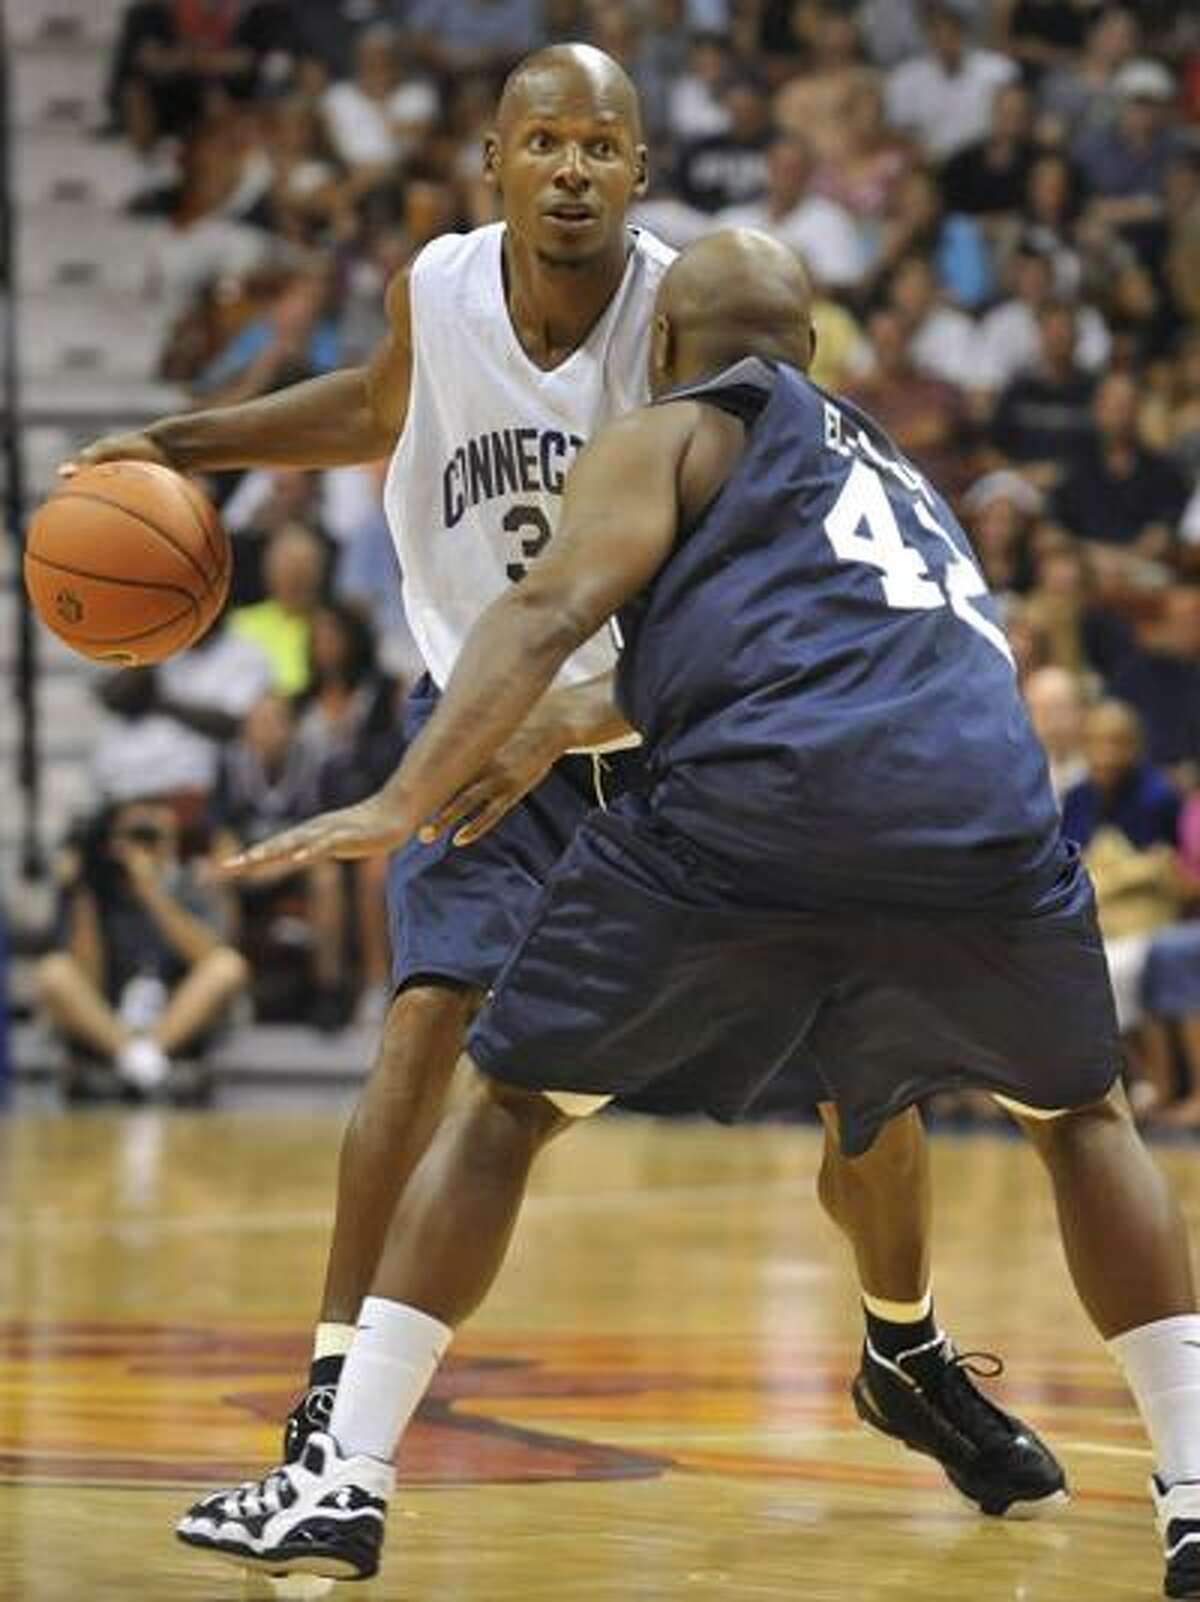 Ray Allen is guarded by Khalid El-Amin during the Jim Calhoun Celebrity Classic Charity All-Star basketball game Saturday in Uncasville. (Associated Press/Jessica Hill)
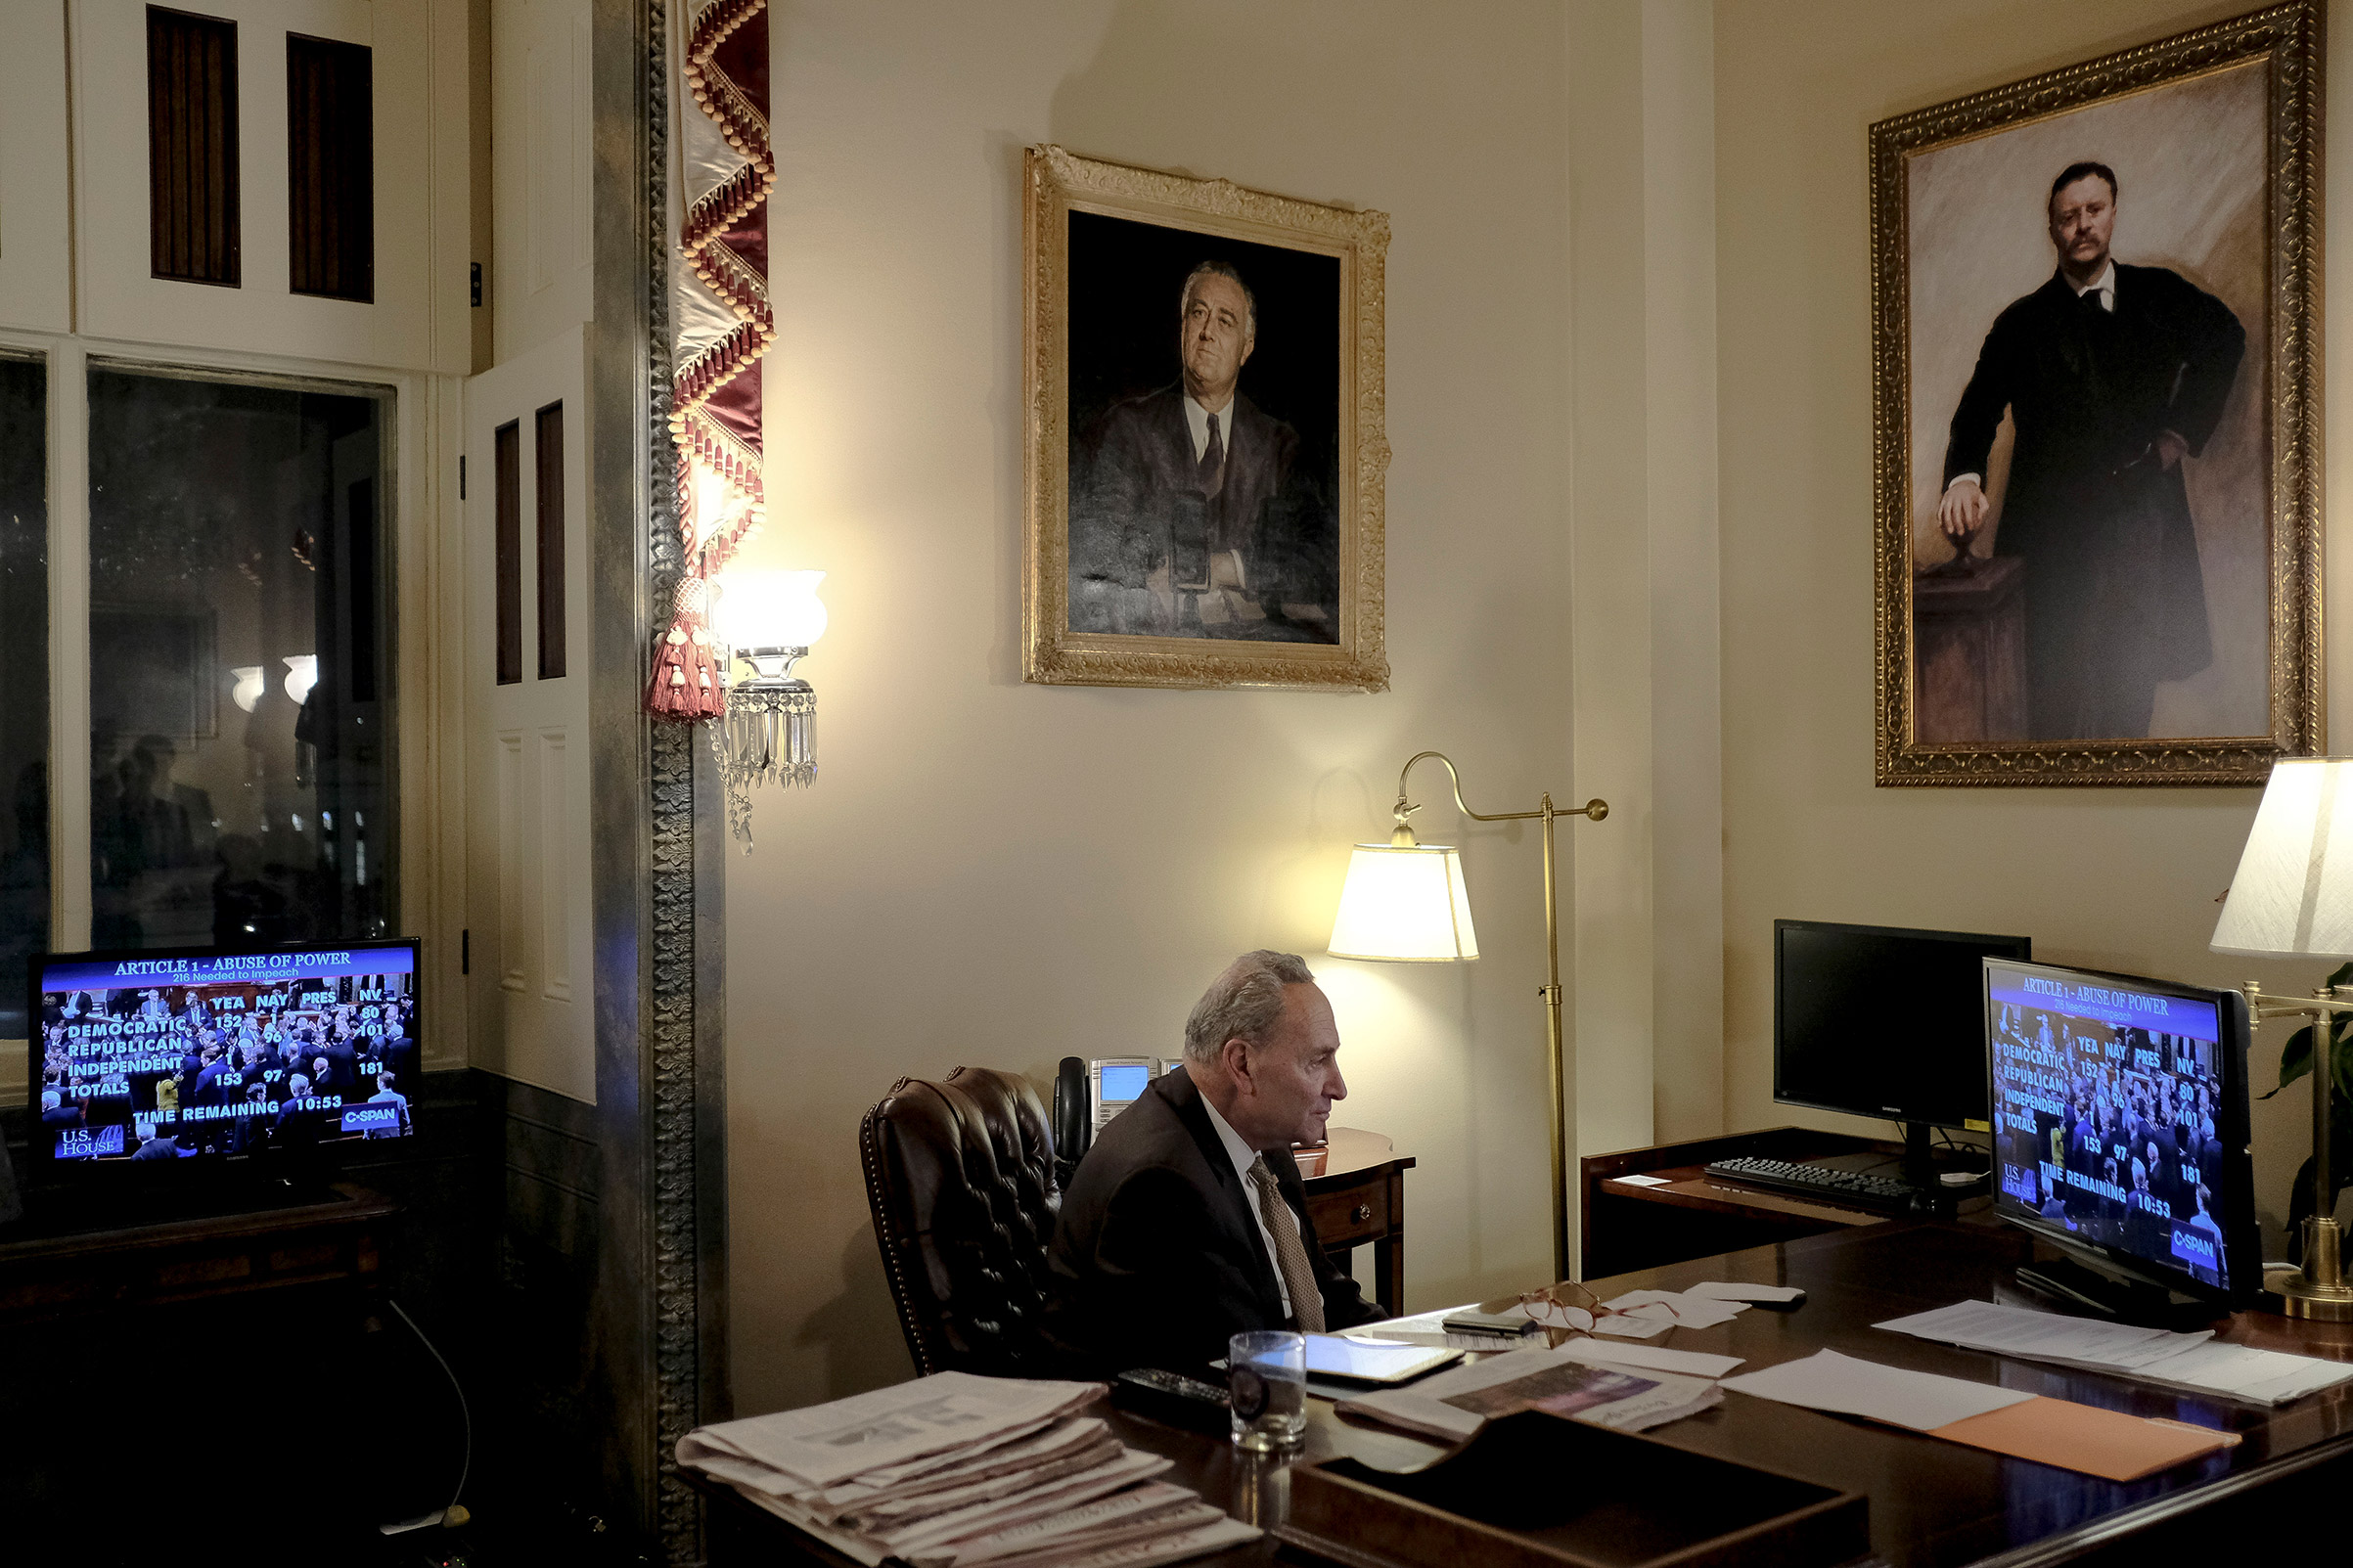 Senate Minority Leader Sen. Chuck Schumer of N.Y., watches the House vote on articles of impeachment in his office at the Capitol in Washington, D.C. on Dec. 18, 2019. (Gabriella Demczuk for TIME)
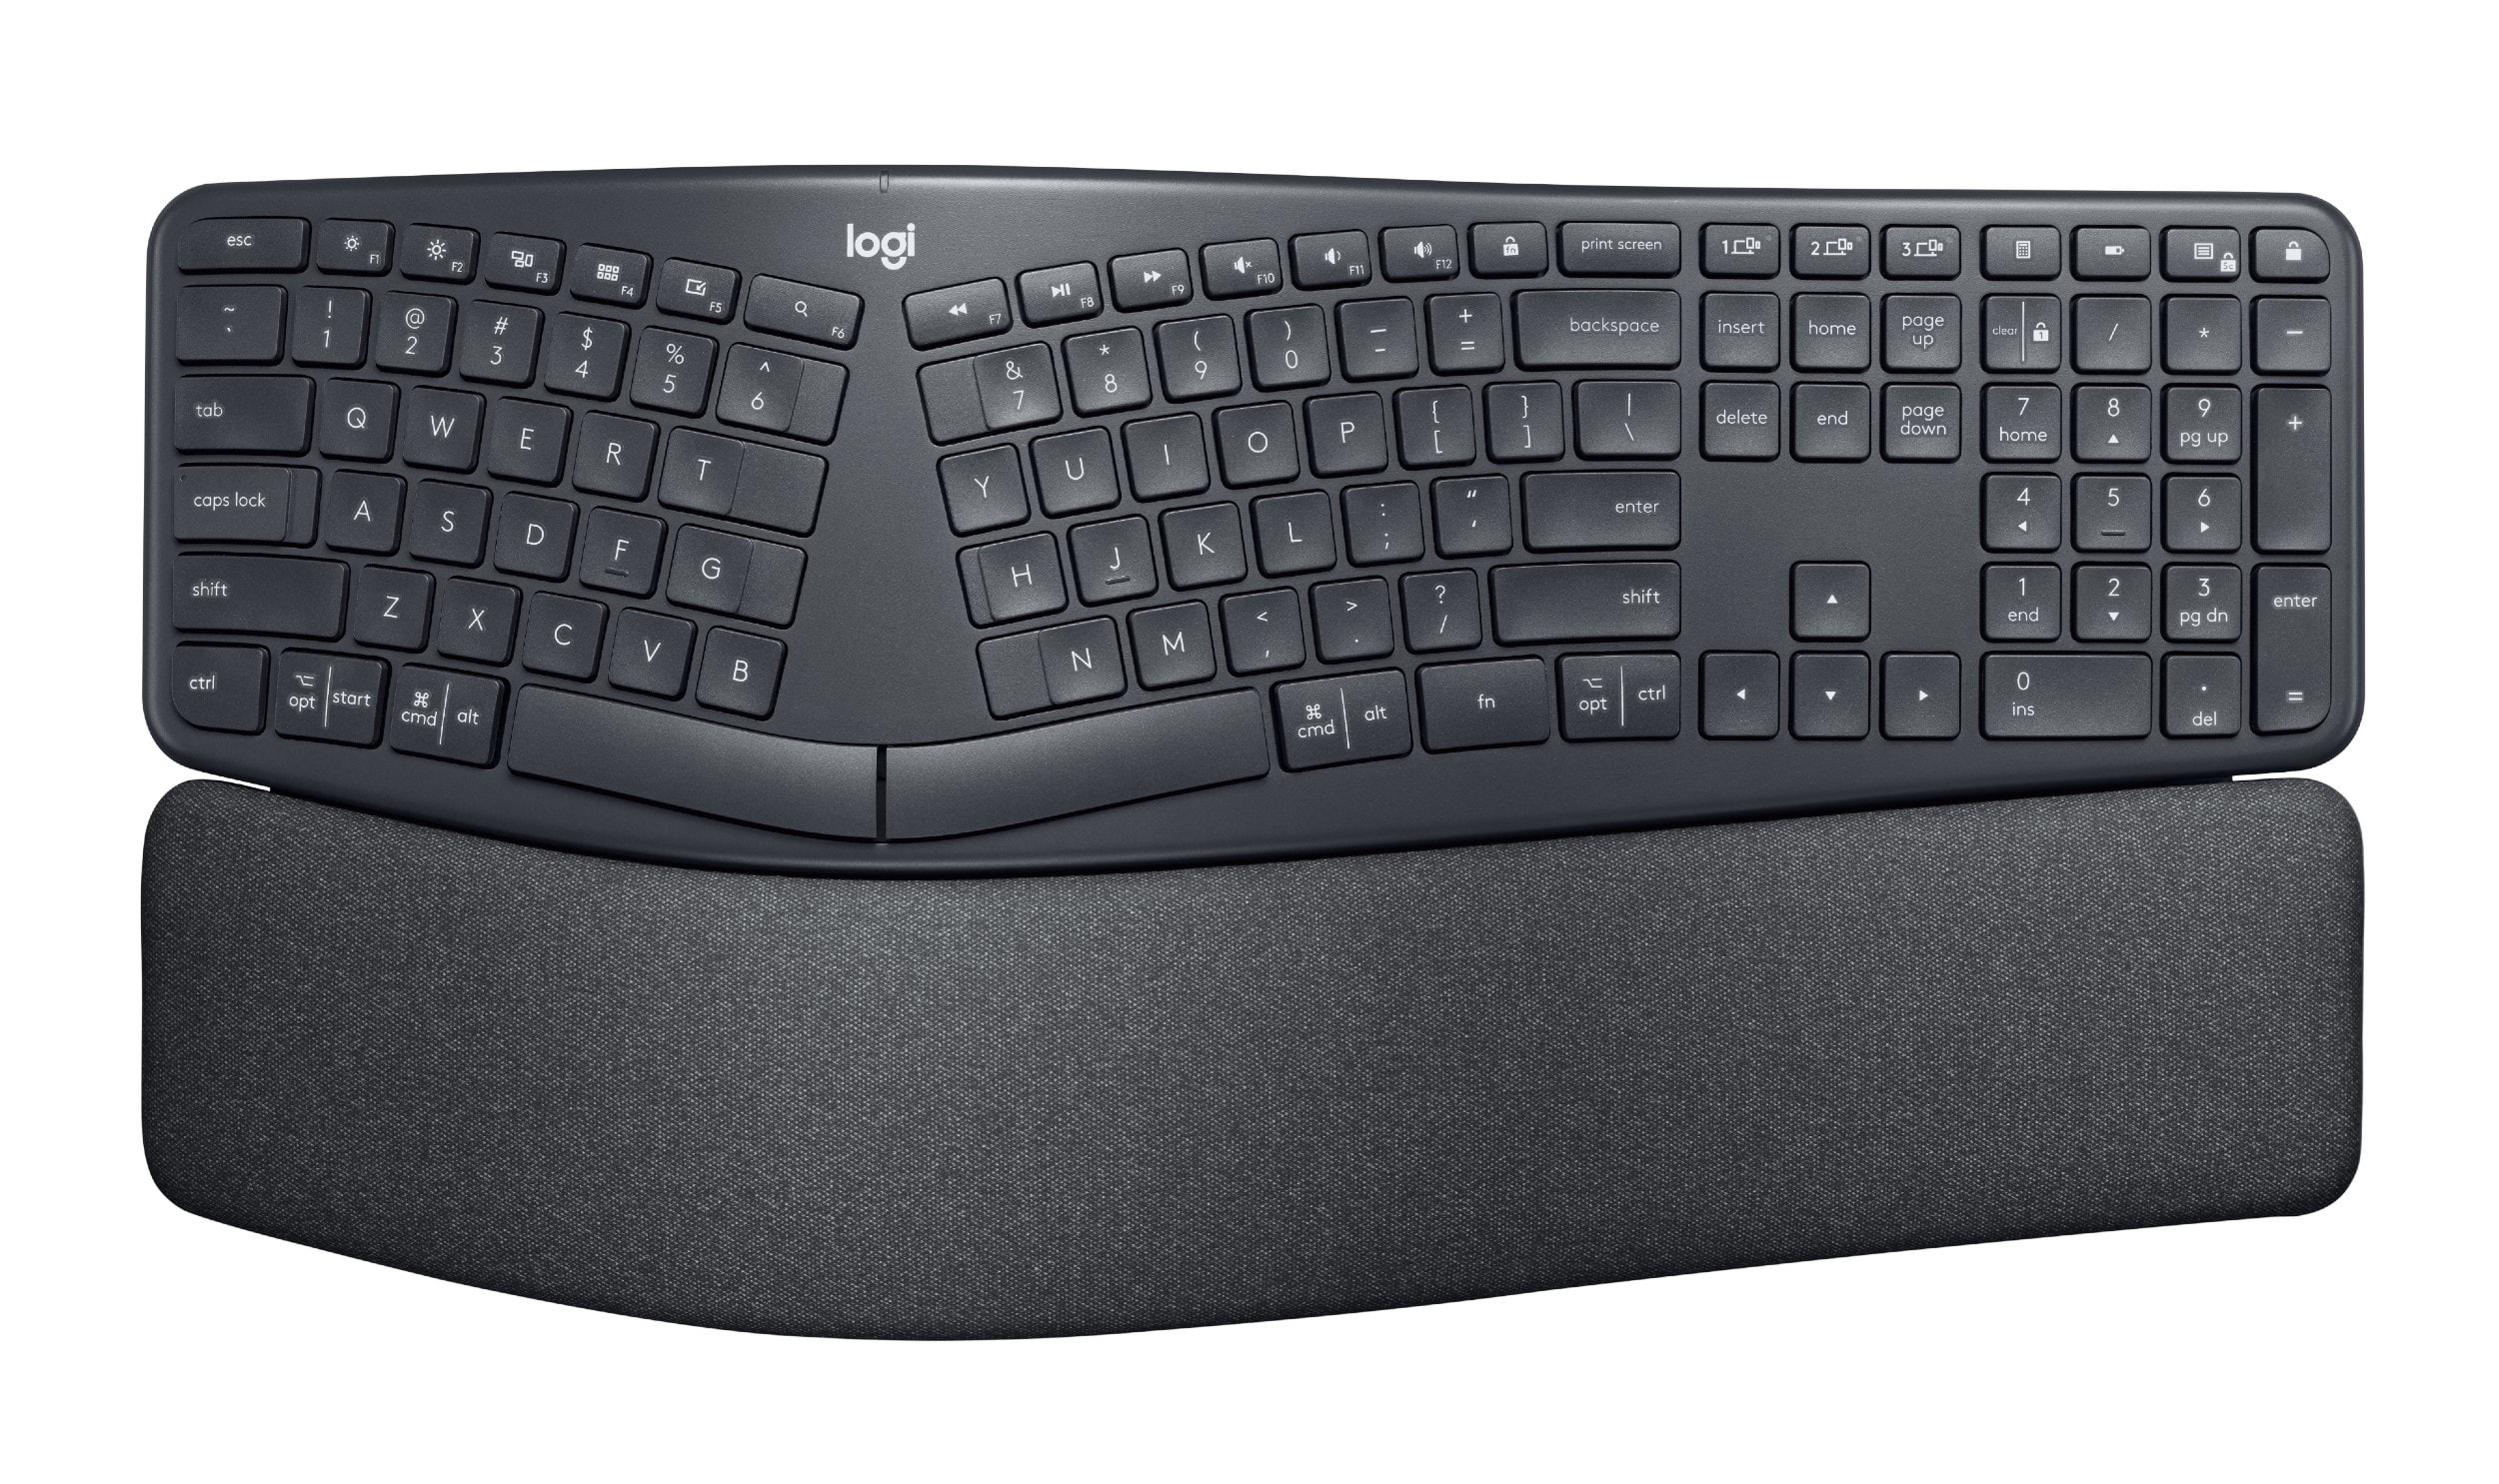 The Logitech Ergo K860 offers pretty much every key you need.

» **Problem to solve**
Your answer must be an exact copy of the lines from the line with "Senate Minority Leader" to the final line of the data, both ends included, and no pictures.

» **Exercise result**
 Senate Minority Leader Sen. Chuck Schumer of N.Y., watches the House vote on articles of impeachment in his office at the Capitol in Washington, D.C. on Dec. 18, 2019. (Gabriella Demczuk for TIME)
 The Logitech Ergo K860 offers pretty much every key you need.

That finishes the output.